Rabu, 10 Oktober 2012

JANGAN MEMENDAM KEMARAHAN ANDA




JW
Apa yang anda lakukan saat anda marah? Apakah anda cenderung menyatakannya atau mendiamkannya, atau mengumpulkan kekesalan anda seperti anda menabung di bank, atau anda akan meledak dan melampiaskan kemarahan tersebut pada orang lain atau apapun yang ada disekitar anda? Apakah anda mendiskusikan perasaan anda setelah anda merasa tenang? Apakah “mengeluarkan kemarahan” membuat kemarahan tersebut sirna dari diri anda, atau malah membuat itu semakin kuat?
Jawaban dari pertanyaan-pertanyaan ini merupakan sesuatu yang sangat vital dalam membangun hubungan anda dengan keluarga, tetangga, atasan atau bawahan, atau siapa pun orang-orang yang berinteraksi dengan anda.
Perasaan marah yang kronis dan ketidakmampuan mengendalikan kemarahan dapat menyebabkan kerugian emosional dan merupakan sesuatu yang tidak sehat, seperti halnya masalah depresi atau kecemasan yang kronis.
Berkebalikan dengan kebanyakan nasehat psikologi populer, penelitian menunjukkan bahwa mengekspresikan kemarahan tidak selalu membuat kemarahan tersebut menghilang dari diri anda. Seringkali orang akan merasa lebih buruk setelah mengalami konfrontasi terhadap kemarahan, baik secara fisik  maupun secara mental.
Saat orang mengekspresikan kemarahan mereka akan mengulang-ulang seberapa besar kemarahannya atau menyalurkan perasaan tersebut melalui tindakan yang kasar. Seringkali mereka mengalami peningkatan tekanan darah, merasa lebih marah, dan berperilaku lebih agresif, dibandingkan apabila mereka hanya membiarkan perasaan marah tersebut menghilang dengan sendirinya.
Saat orang belajar mengendalikan marah mereka dan mengekspresikan perasaan marah dengan cara yang lebih bisa diterima, biasanya mereka akan merasa lebih baik dan lebih tenang alih-alih menjadi semakin marah atau memburuk.

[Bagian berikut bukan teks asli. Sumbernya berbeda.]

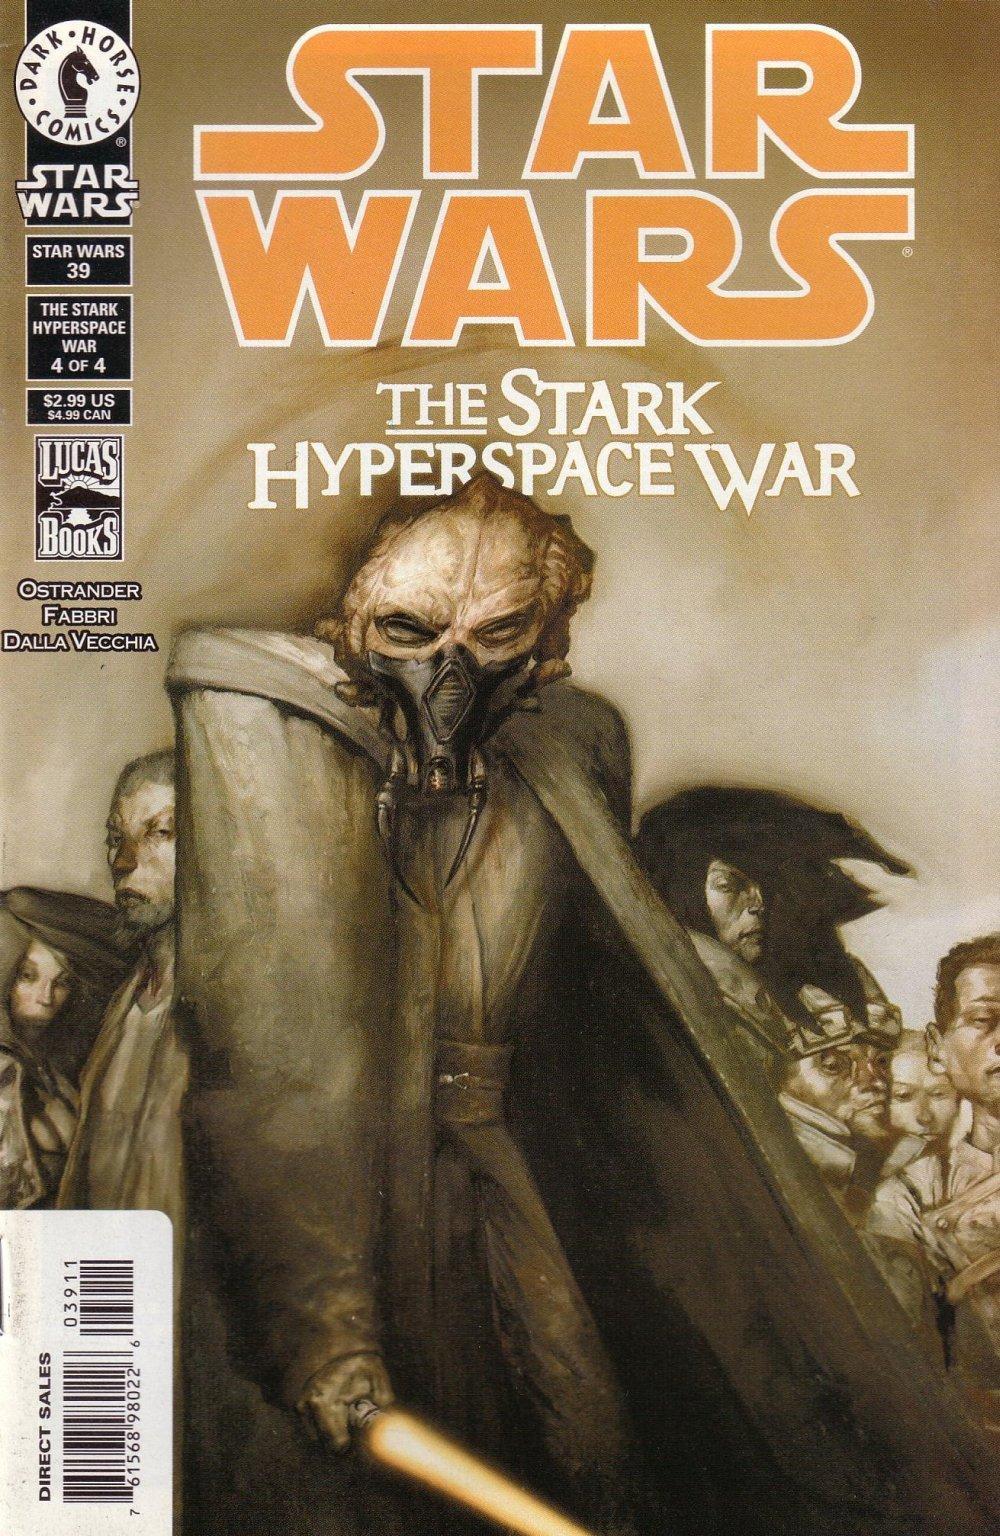 Star Wars: Republic Vol. 1 #39
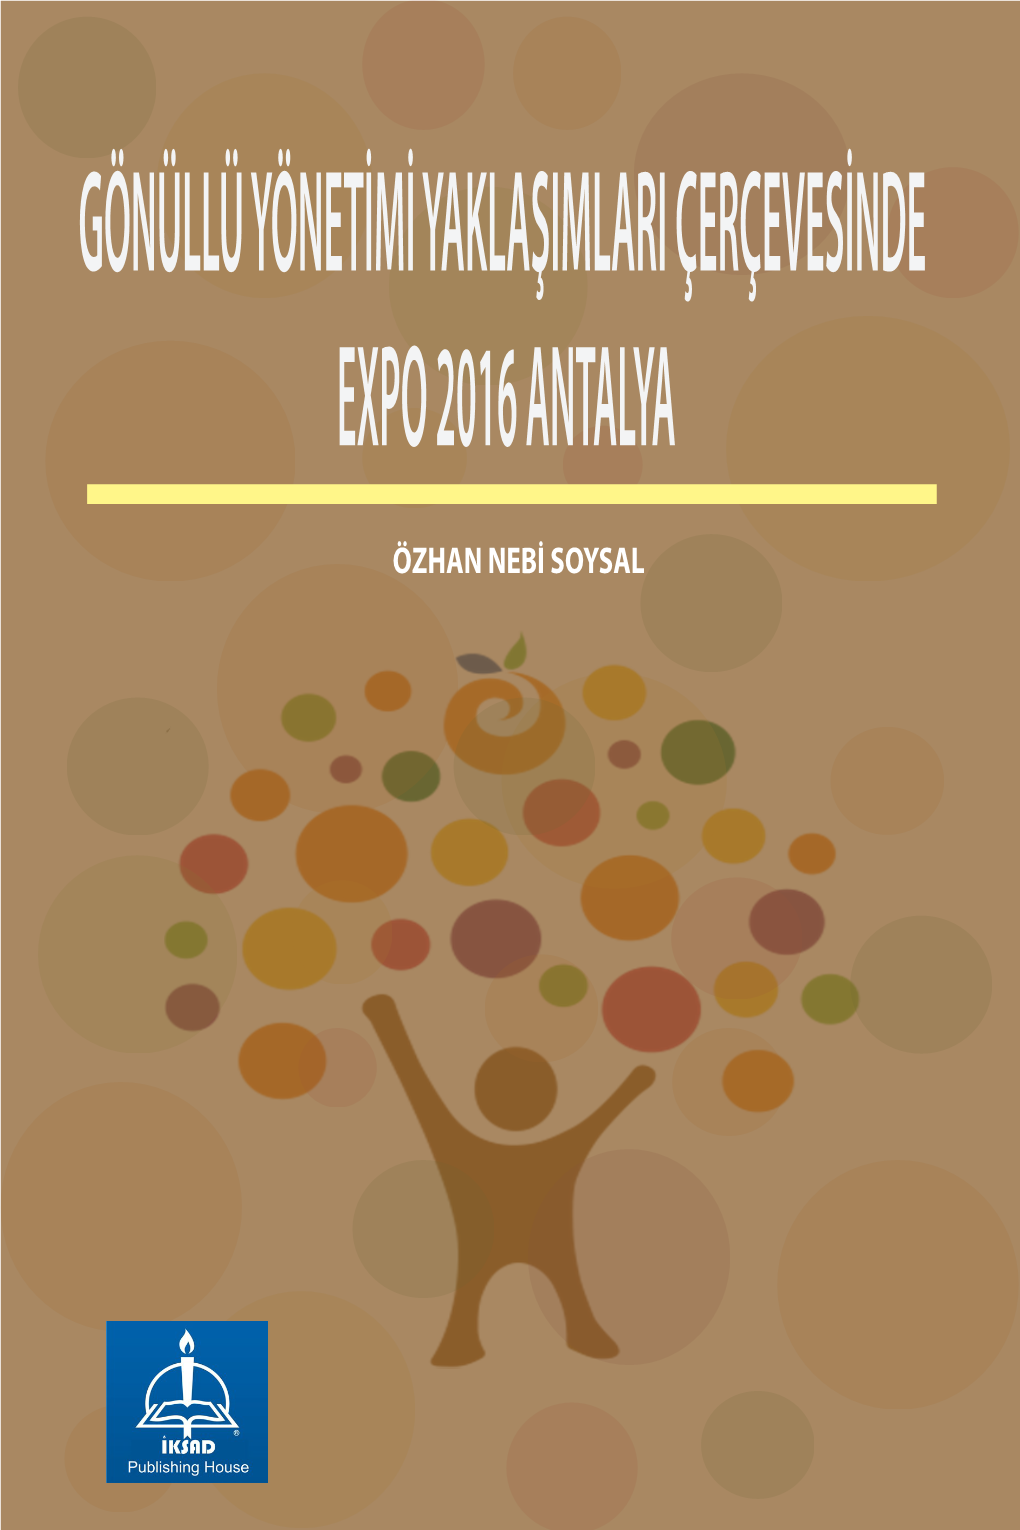 Gönüllü Yönetimi Yaklaşımları Çerçevesinde Expo 2016 Antalya

Charles Darwin (1872 - 1965) mengeluarkan pernyataan yang tepat, “pengekspresian emosi secara bebas, baik melalui isyarat verbal maupun nonverbal, akan meningkatkan intensitas emosi tersebut”.,… Ia yang membiarkan munculnya bahasa tubuh yang kasar akan meningkatkan kemarahannya sendiri.
Saat orang merasa marah, mereka memiliki beberapa pilihan. Pilihan pertama adalah mereka dapat berusaha berpikir ulang mengenai situasi yang dihadapi untuk penurunan dampak emosional dalam situasi tersebut.

Upaya mengendalikan kemarahan sejak dini, pada akhirnya akan menghasilkan emosi yang lebih terkontrol dibandingkan berusaha menekan perasaan marah secara keseluruhan --- apalagi melampiaskan perasaan marah tersebut.
Pilihan keduanya adalah menuliskan perasaan mereka dalam buku harian atau menceritakan kepada seorang teman (atau pada orang yang membuat mereka marah). Orang juga bisa bermain piano, berlari, memasak, berusaha memecahkan masalah yang menjadi penyebab kemarahan mereka, atau sebaliknya berperilaku kasar terhadap teman-teman atau keluarga, memukul apa yang ada didekatnya atau berteriak-teriak.

Apabila tindakan-tindakan tersebut dapat menurunkan intensitas kemarahan mereka, atau mereka mendapatkan respon dari orang lain yang sesuai dengan keinginan mereka, mereka cenderung mengembangkan kebiasaan yang terasa “alami”, seolah-oelah kebiasaan tersebut tidak akan pernah berubah. Beberapa kebiasaan lebih baik dari kebiasaan-kebiasaan lainnya, seperti melampiaskan kemarahan dengan bermain music atau melakukan kegiatan yang  membangun lainnya merupakan suatu kebiasaan yang baik. Sementara sebagian orang mencari pembenaran atas perilaku kasar mereka, dengan mengatakan “saya tidak dapat menahan amarahku”, namun sesungguhnya mereka dapat  melakukannya.
Tentunya, jika anda hanya ingin melampiaskan kemarahan, silahkan, namun anda berisiko akan menjadi seorang pemarah. Sebaiknya hadapi setiap masalah dengan seyuman paling termanis Lebih baik dikenal sebagai seorang yang ramah, daripada seorang pemarah.